I don't think we would have any disagreement on this?? Basil
Basil,
Following up on your point about interest rates vis a vis AD, I'd like to understand better what you mean in the following:
>Monetary policy dominates fiscal policy on stabilization grounds. One should >not advocate deficit spending by government until real interest rates have >been reduced to zero.
I assume you are talking here about a particular short term interest rate, because the "real interest rate" can hardly refer to the whole spectrum of interest rates over maturity and credit-worthiness.
We know of course that short-term rates are keyed off the Fed funds rate, the only rate the Fed directly influences. However that rate only applies to the interbank lending market. Banks set the corporate prime rate typically about 300 basis points higher. Lesser quality commercial lending rates range up to perhaps 600 basis points higher.
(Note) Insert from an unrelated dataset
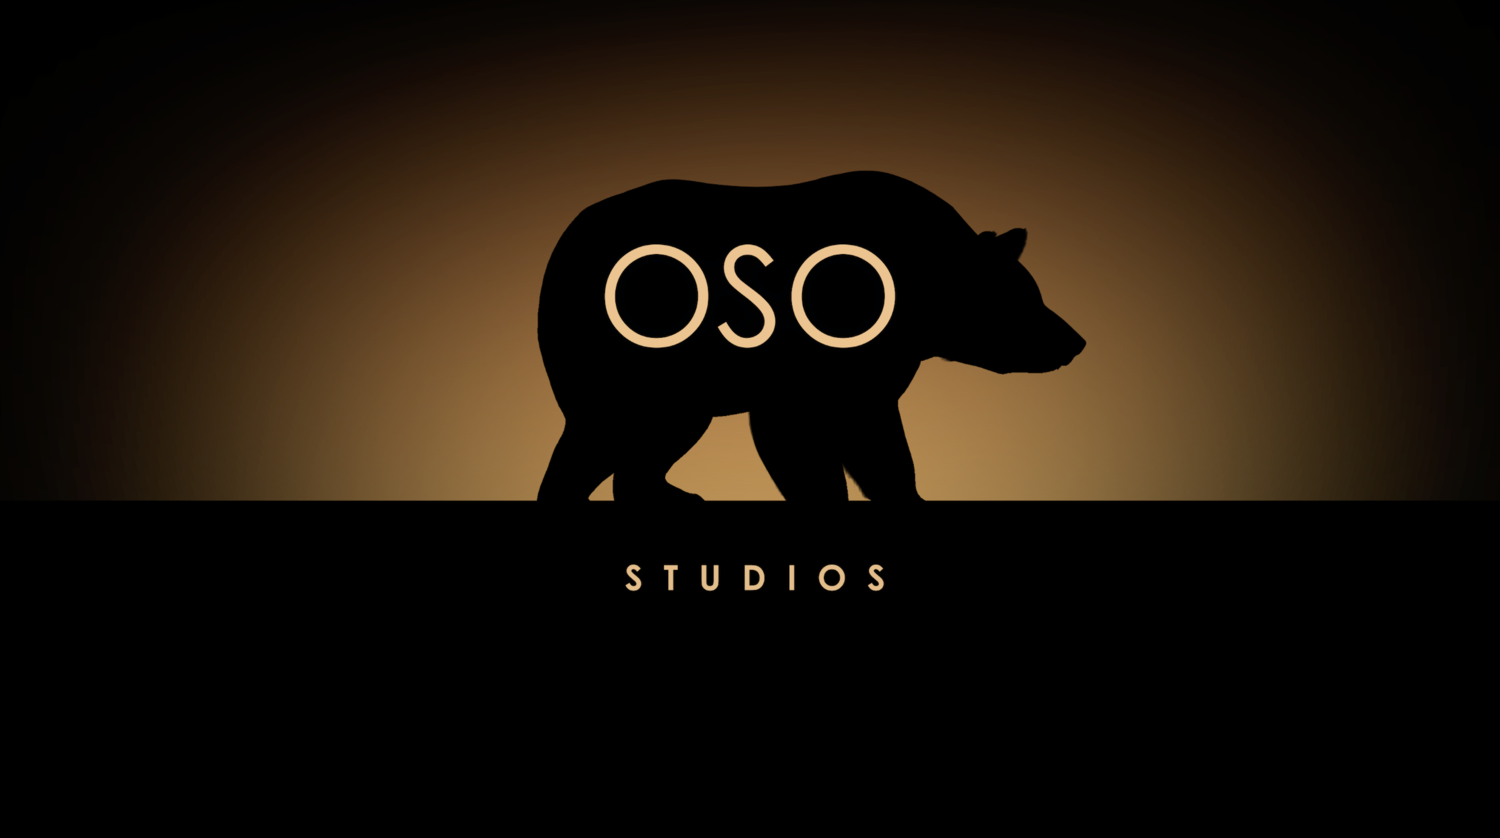 OSO Studios
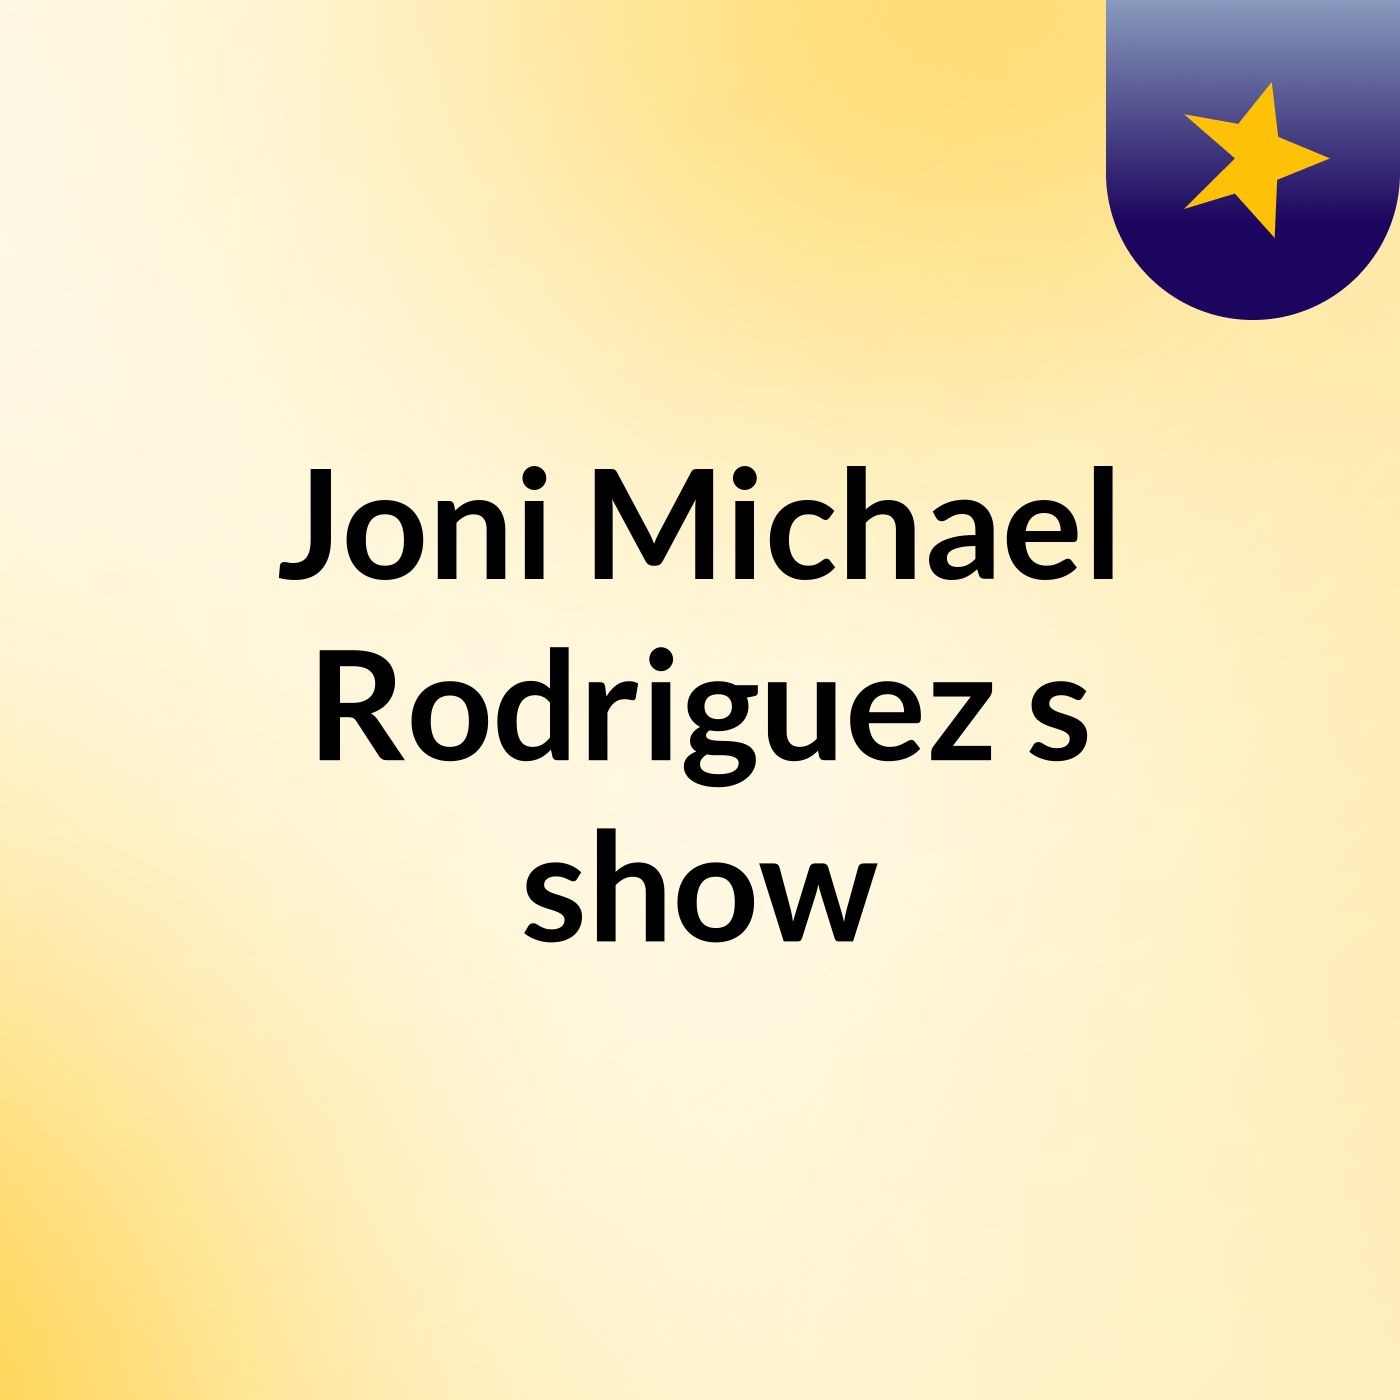 Joni Michael Rodriguez's show

Unsecured consumer loan rates, including credit card rates, can range up to 1500 basis points higher.
With such an array of interest rates, each affecting different sectors of the economy, I find it difficult to follow the logic that says the real interest rate should be set to zero. Which rate counts and why? Also what is the problem with government deficit spending when the real rate is not zero?
William
- Re: Self-correcting economic systems, (continued)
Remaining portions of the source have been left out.